Figure 6. The expression of the KASH2 domain in smooth muscle cells ameliorates aortic disease in Lmna^G609G/G609G mice.

The Cre-conditional KASH2–EGFP transgene was bred into Lmna^G609G/G609G mice harboring the SMC-specific Sm22–Cre transgene. Three groups were examined: WT, Lmna^+/+KASH2–EGFP⁺Sm22-Cre⁺; MUT, Lmna^G609G/G609GKASH2–EGFP⁺Sm22-Cre^–; and MUT + KASH2, Lmna^G609G/G609GKASH2–EGFP⁺Sm22-Cre⁺. Adventitial fibrosis and SMC nuclei were quantified in the three groups. (a–d) Representative photographs of HNE-stained cross sections at the outer (a) and inner curvature (b) of the ascending aorta, and proximal descending aorta (c–d).
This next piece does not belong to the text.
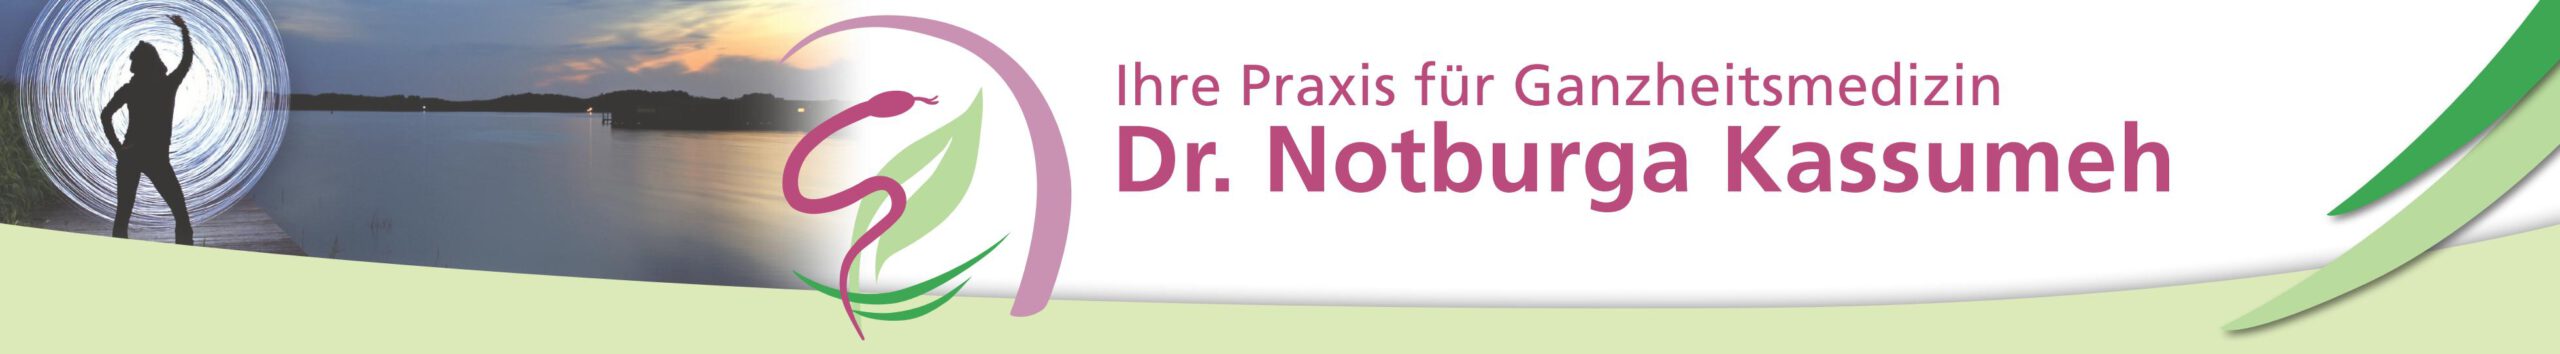 Dr. Notburga Kassumeh Praxis für Ganzheitsmedizin in Linz

Scale bars, 50 μm for panels a–c; 20 μm for panel d. (e) Adventitial area (as a percent of total area) and numbers of SMC nuclei (per media area) at the outer ascending thoracic aorta (mean ± SEM; n = 6/group). (f) Adventitial area and numbers of SMC nuclei at the inner ascending thoracic aorta (mean ± SEM; n = 6/group). (g) Adventitial area and numbers of SMC nuclei in the proximal descending thoracic aorta (mean ± SEM; n = 6/group). *p < 0.01; **p < 0.001; ns, nonsignificant defined as p > 0.40.